Todos sabemos que el alcance define el trabajo requerido en un proyecto. Y que la gestión del alcance es parte integrante de la función de un gestor de proyectos, especialmente una vez que el proyecto está en marcha y el síndrome del lavadero empieza a asomar. Esto trae a colación la pregunta: ¿qué es el síndrome del lavadero en gestión de proyectos?

¿Qué es el síndrome del lavadero?

El síndrome del lavadero (a veces conocido como «requisitos imprevistos» o incluso «funciones imprevistas») se refiere a cómo tienden a aumentar los requisitos de un proyecto durante su ciclo de vida, por ejemplo, lo que comenzó siendo una única entrega se convierte en cinco. O un producto que comenzó con tres funciones esenciales, ahora debe tener diez. O en la mitad de un proyecto, cambian las necesidades del cliente, lo que provoca una reevaluación de los requisitos del proyecto. El síndrome del lavadero suele deberse a que las partes interesadas clave del proyecto cambian los requisitos o, a veces, a la falta de comunicación interna y los desacuerdos. Esta publicación aborda varias formas en que aumenta en los proyectos junto con consejos sobre cómo cortarlo de raíz. Si bien puede dar lugar a retrasos en el proyecto, obstáculos o incumplimientos del presupuesto, el síndrome del lavadero no es necesariamente algo malo. Recuerda que el cambio es inevitable. Las necesidades del cliente cambian con el tiempo y entregar un proyecto que responda a sus necesidades a menudo se traduce en modificar el alcance. El síndrome del lavadero es, por tanto, una realidad que todo buen gestor de proyectos espera y planifica.

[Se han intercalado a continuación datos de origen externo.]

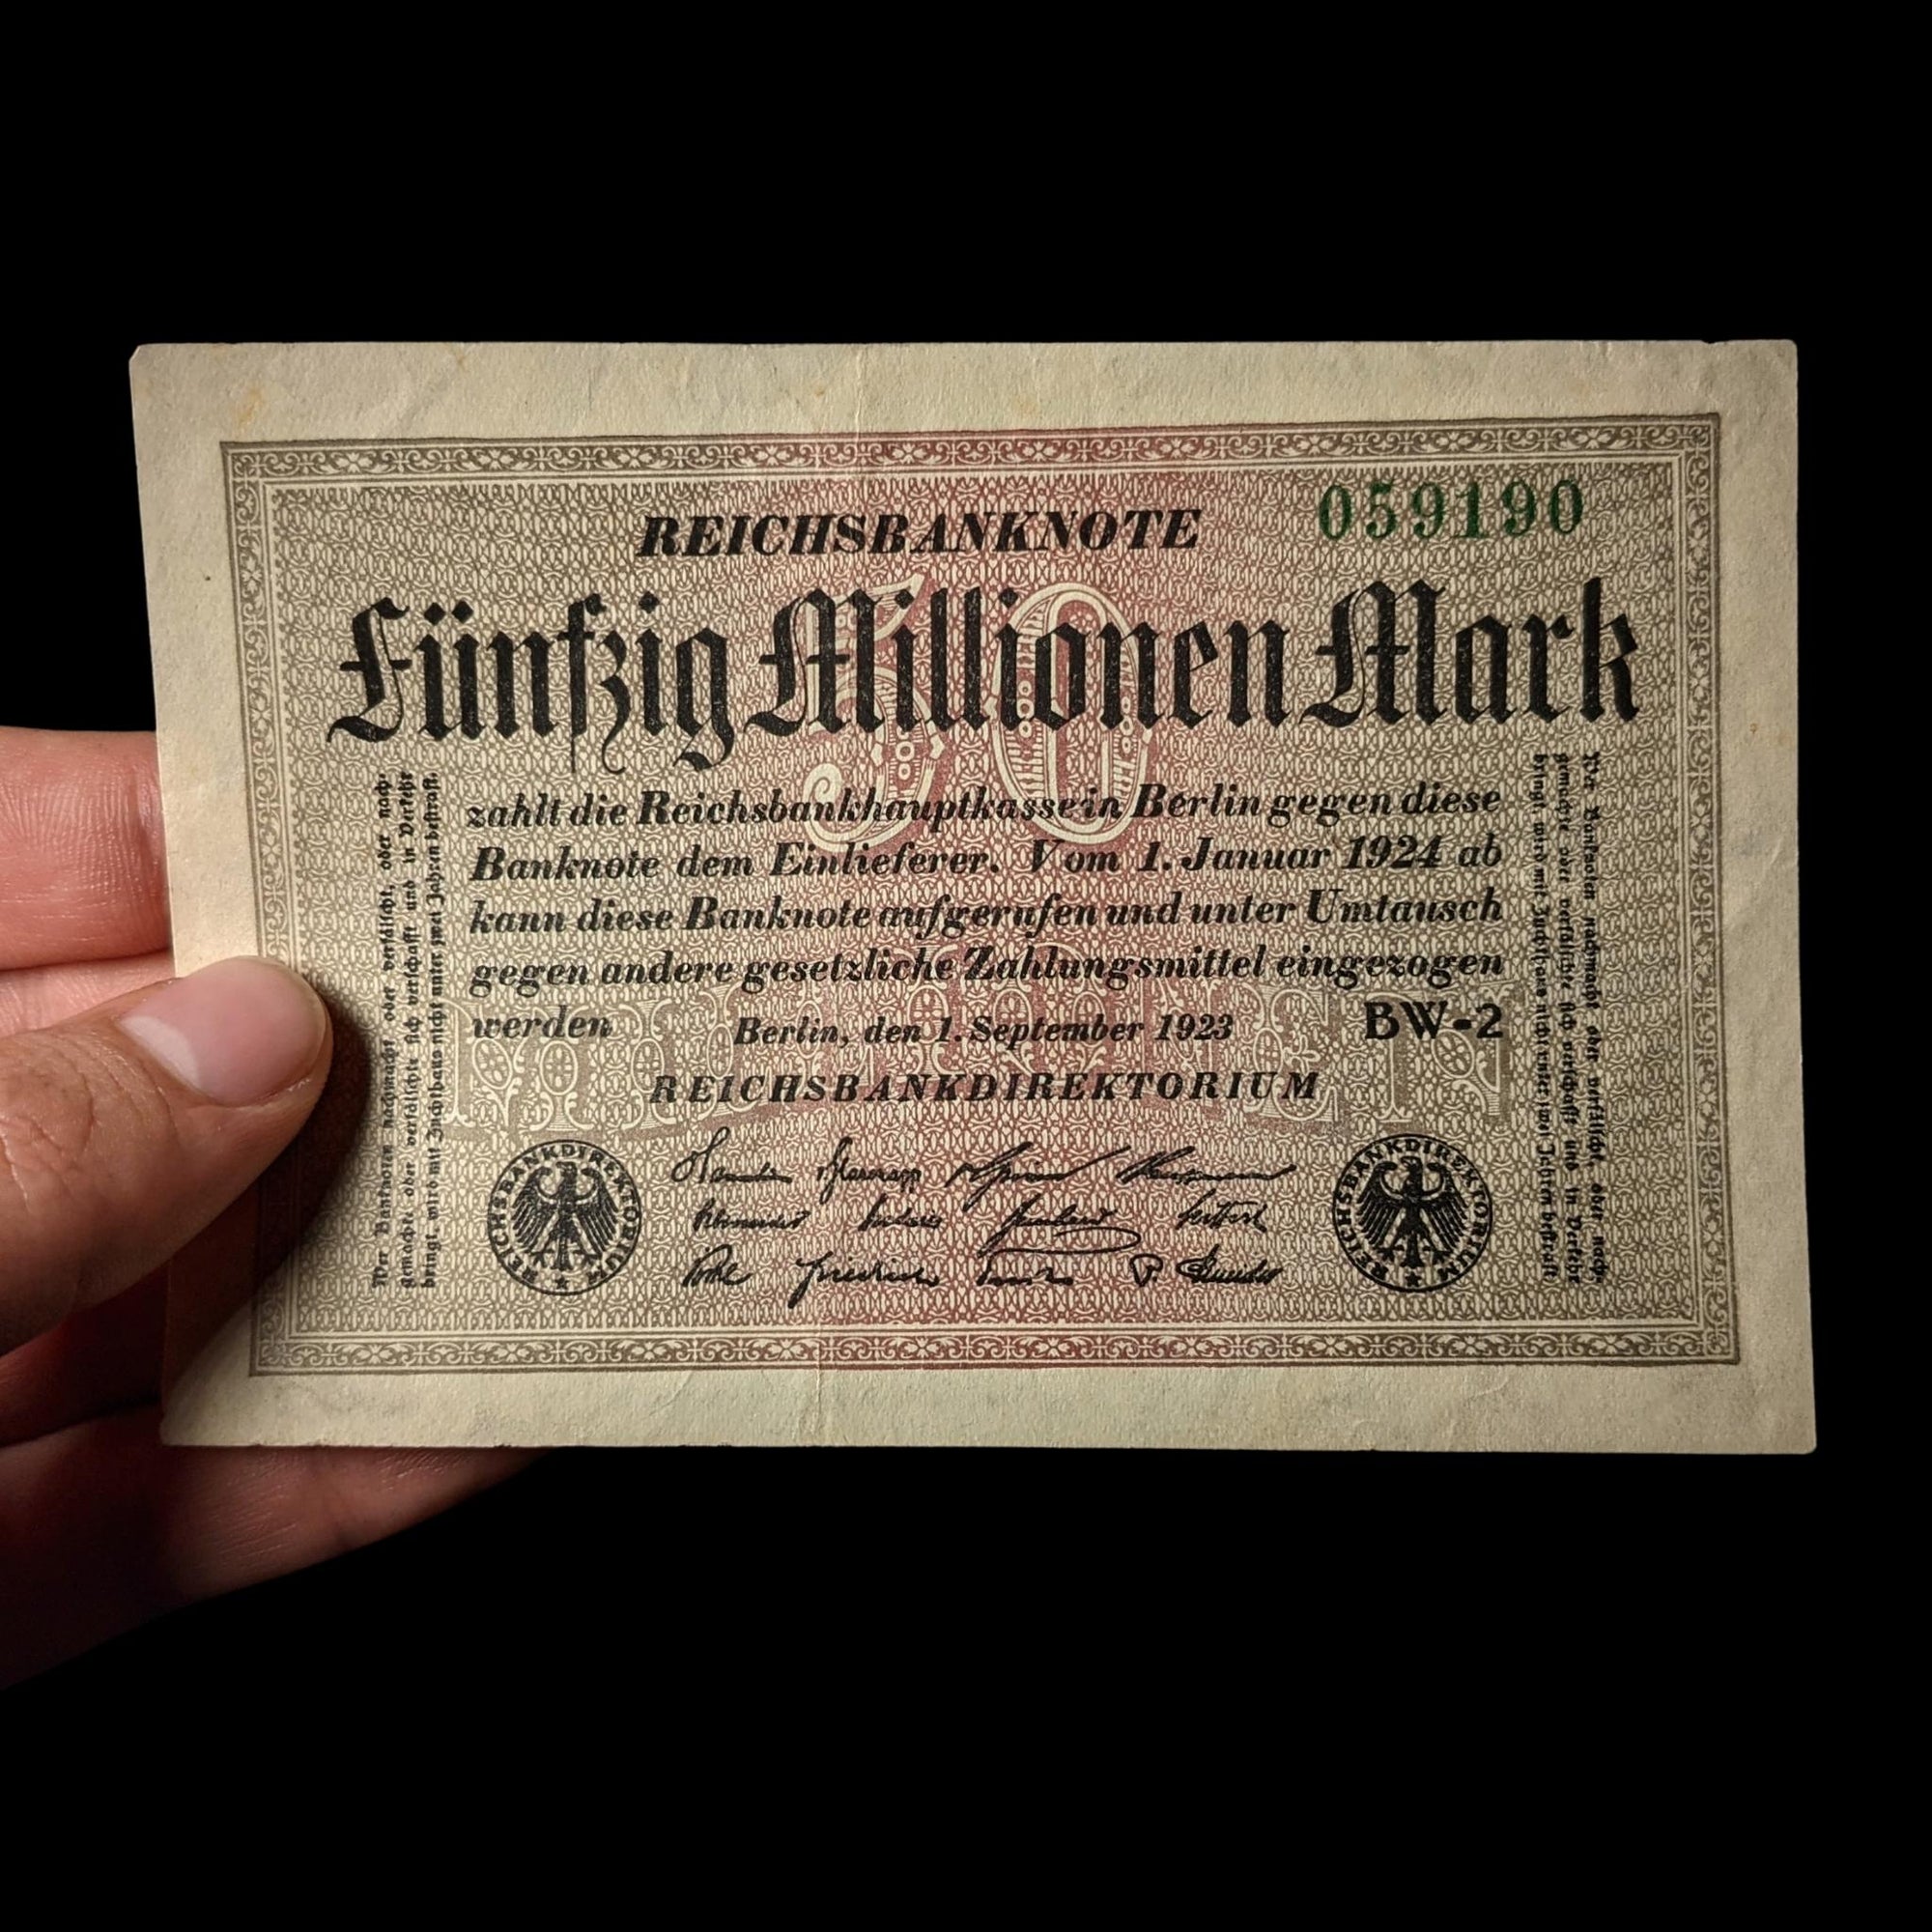 German Inflation Bill, 50,000,000 Marks - 1923 - Weimar Republic

Cómo gestionar el síndrome del lavadero

Las modificaciones en el alcance pueden ser incontroladas, lo que da como resultado el síndrome del lavadero, o controladas, lo que genera cambios documentados en los requisitos del proyecto. La gestión del síndrome del lavadero se reduce a controlar esos cambios en el alcance a través de un proceso de control de cambios. Esto implica:

  • Hacer un seguimiento del estado del proyecto y el alcance de la referencia
  • Comparar las medidas reales de rendimiento del trabajo con el alcance de la referencia utilizando el análisis de variación: «¿hasta qué punto es diferente el proyecto actual del plan original?»
  • Determinar la causa y el grado de los cambios encontrados
  • Decidir sobre las solicitudes de cambio, es decir, si se necesitan acciones correctivas o preventivas
  • Gestionar todas las solicitudes de cambio y acciones recomendadas (ya sean acciones correctivas o preventivas) a través del proceso de Realizar un control integrado de los cambios

Si las solicitudes de cambio aprobadas afectan al alcance general del proyecto y la referencia de costes, la declaración del alcance, la estructura de desglose del trabajo (WBS, por sus siglas en inglés) o la referencia de costes, se actualizan y envían a las partes interesadas. En resumen, todos los cambios se procesan, documentan y comunican adecuadamente.